§ To do
Set down precisely the lines from the line with "Length 42 cm" through the end of the material, inclusive, and no pictures.

§ The data
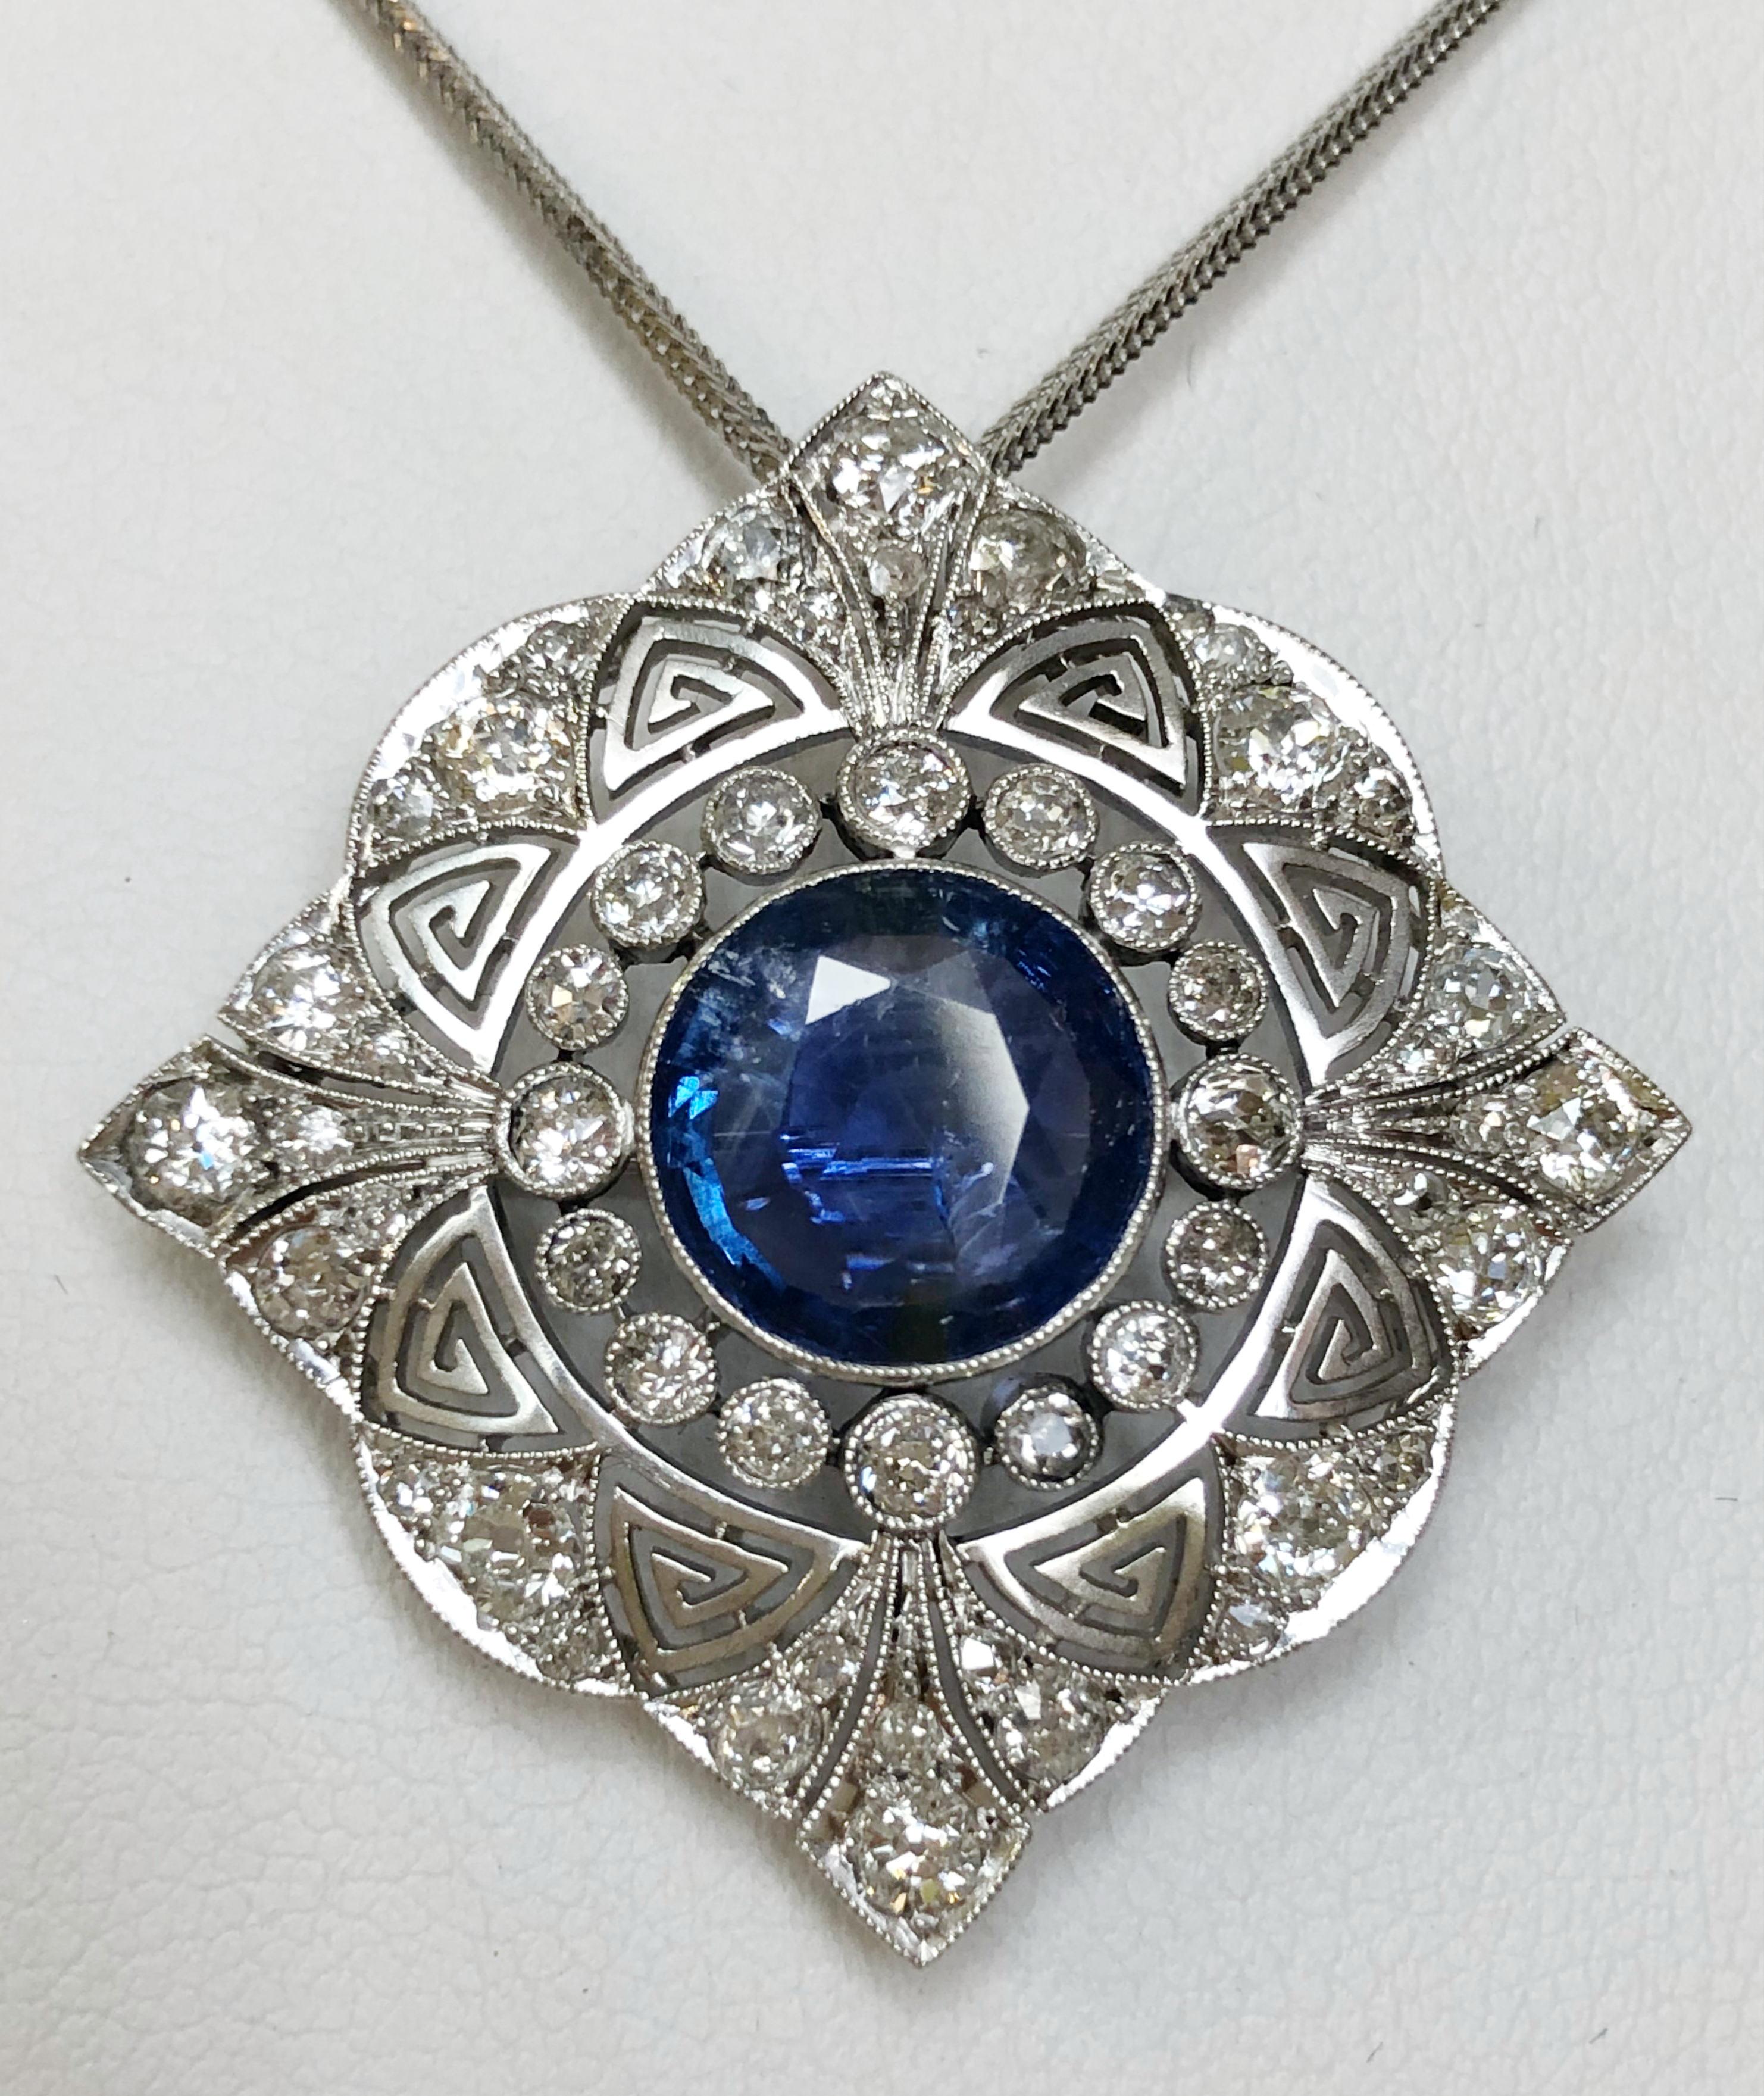 Vintage platinum necklace with 5 karats of blue Ceylon sapphire surrounded by brilliant diamonds, Italy 1920s
Length 42 cm
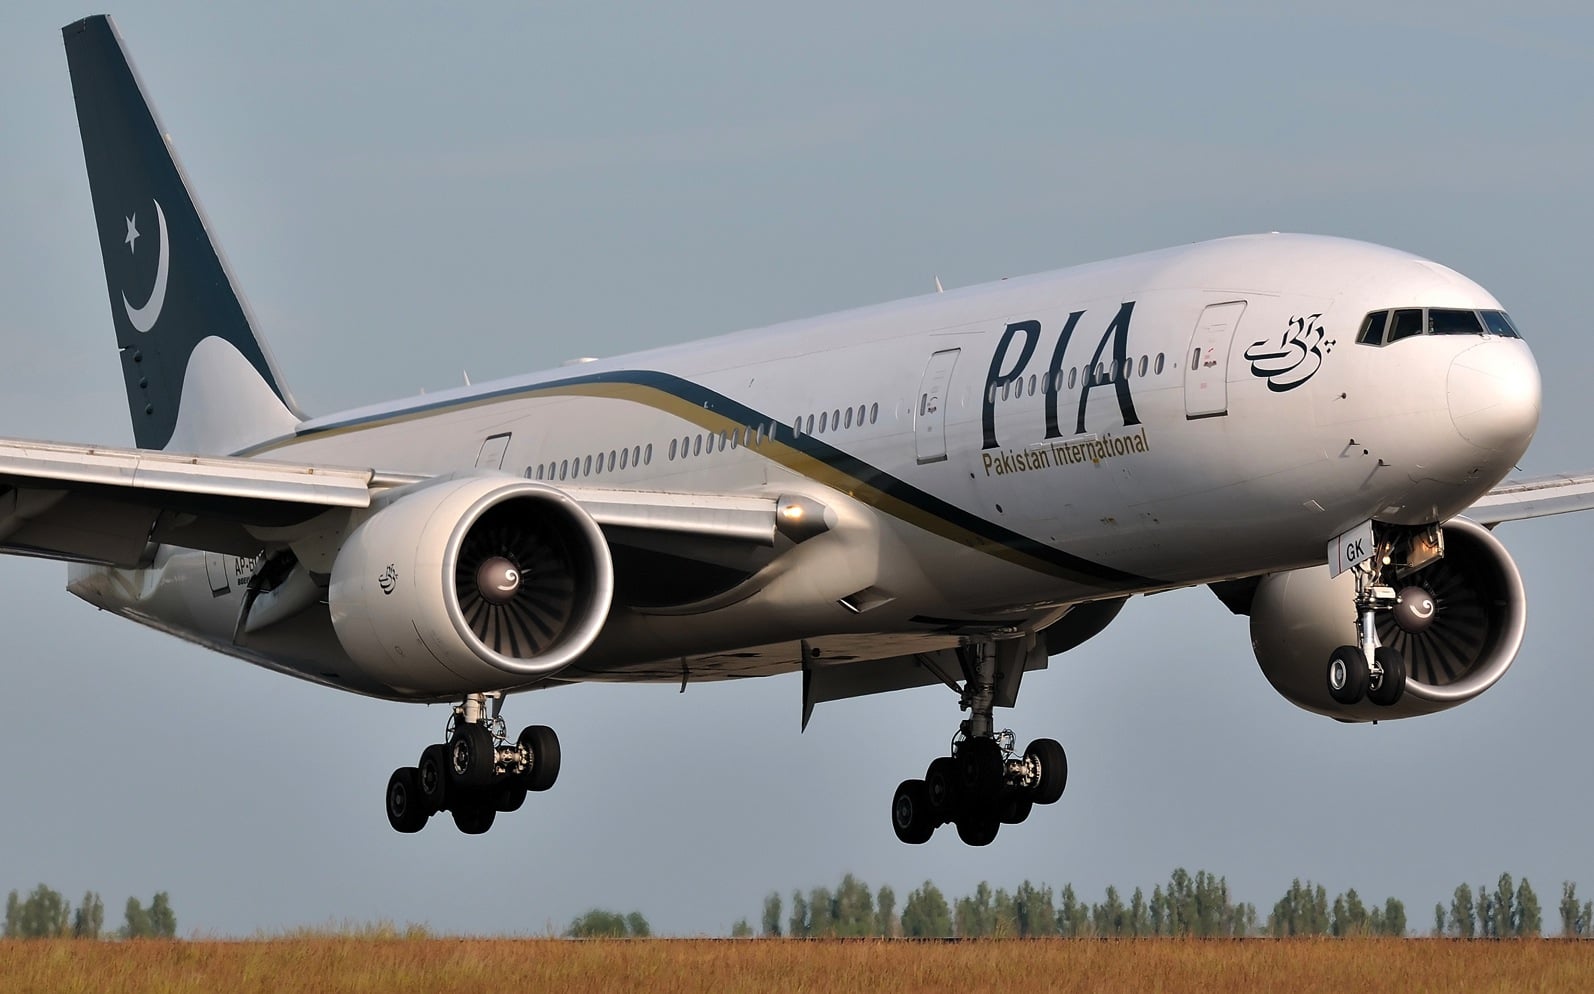 PIA has its engines revved to deliver wow-factor to its customers

§ Exercise answer
Length 42 cm
 PIA has its engines revved to deliver wow-factor to its customers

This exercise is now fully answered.